__Your objective__.
For the material below, return exactly the lines starting at the line containing "Marina, Cabo San" and ending at the line containing "Wine Tasting Attems", both ends included, and no others.

__Source information__.
========================

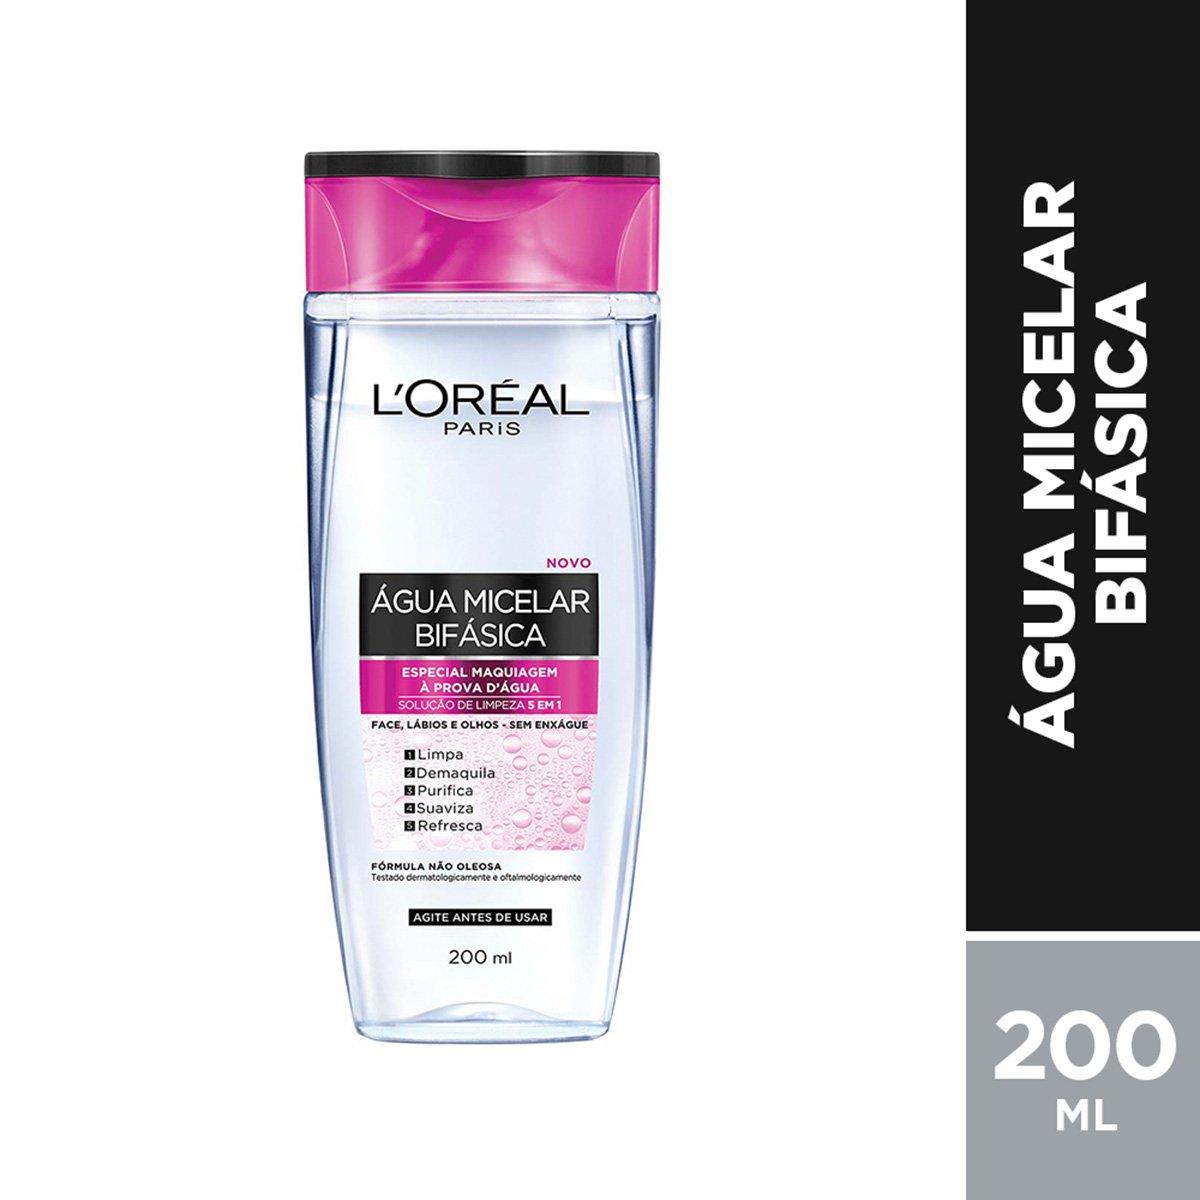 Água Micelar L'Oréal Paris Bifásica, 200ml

========================

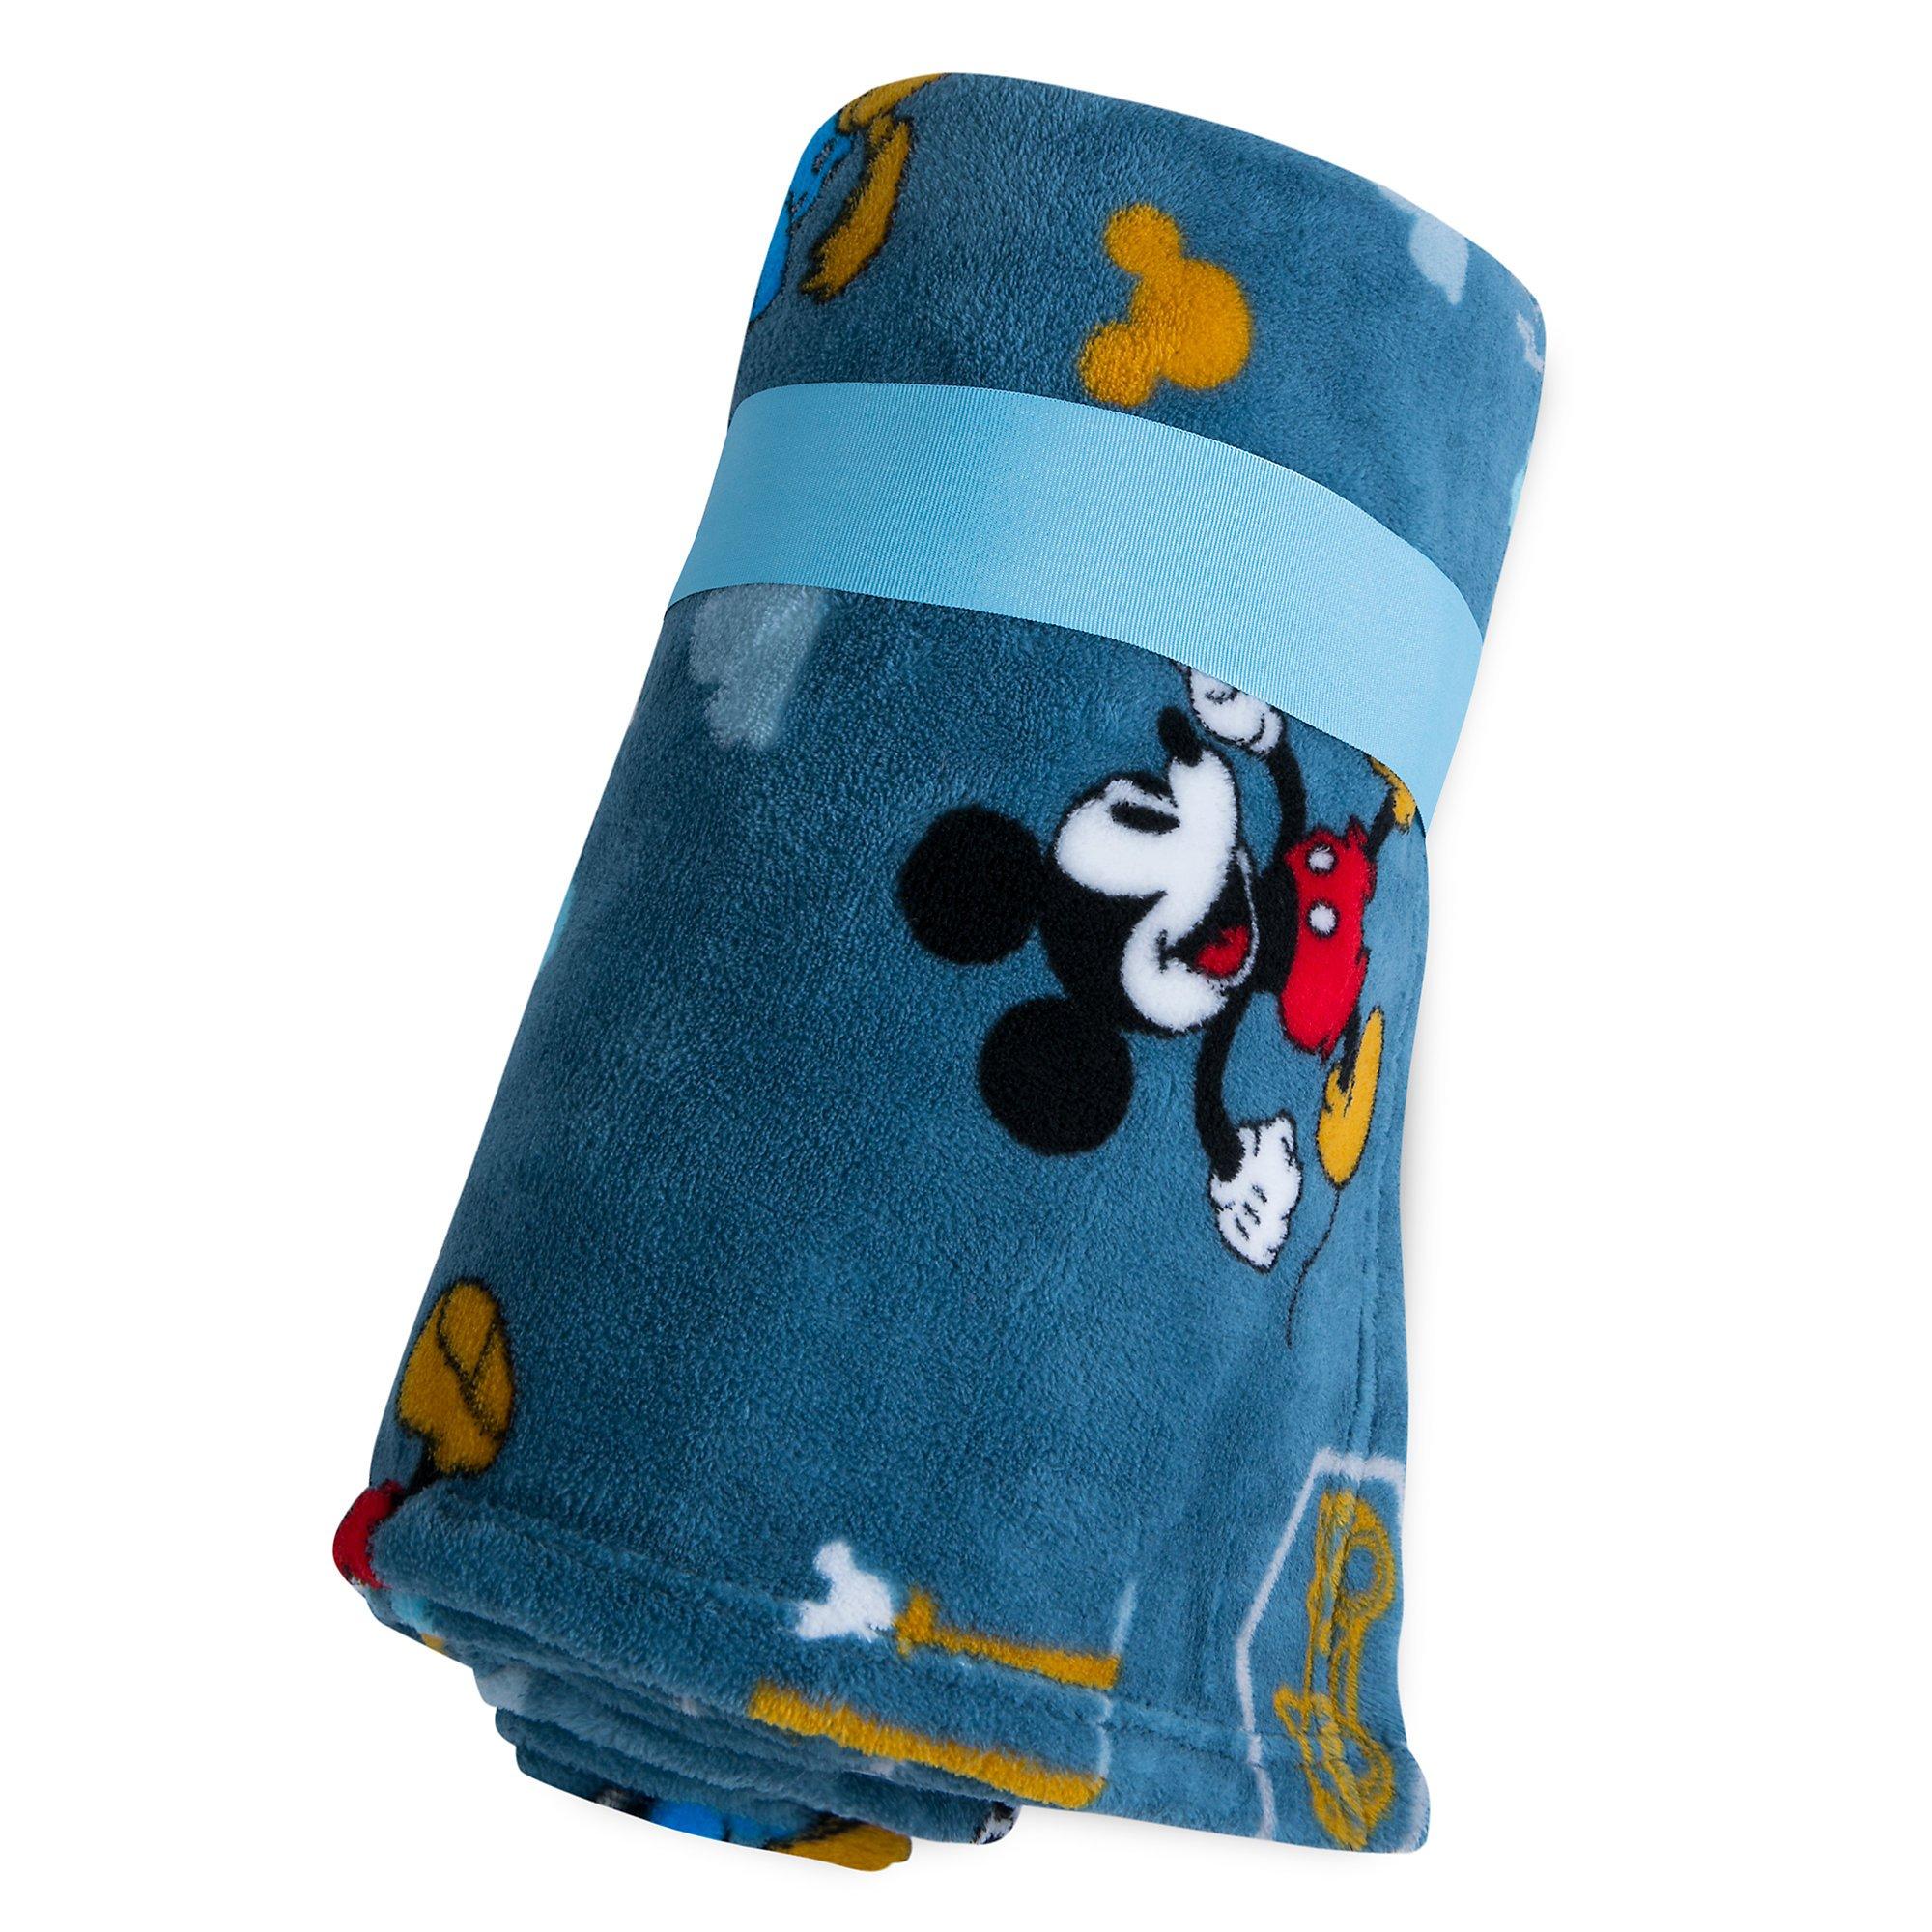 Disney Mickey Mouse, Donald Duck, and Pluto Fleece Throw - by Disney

========================

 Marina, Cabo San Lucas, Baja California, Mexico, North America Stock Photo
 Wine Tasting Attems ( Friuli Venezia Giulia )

========================

__Output below__.
 Marina, Cabo San Lucas, Baja California, Mexico, North America Stock Photo
 Wine Tasting Attems ( Friuli Venezia Giulia )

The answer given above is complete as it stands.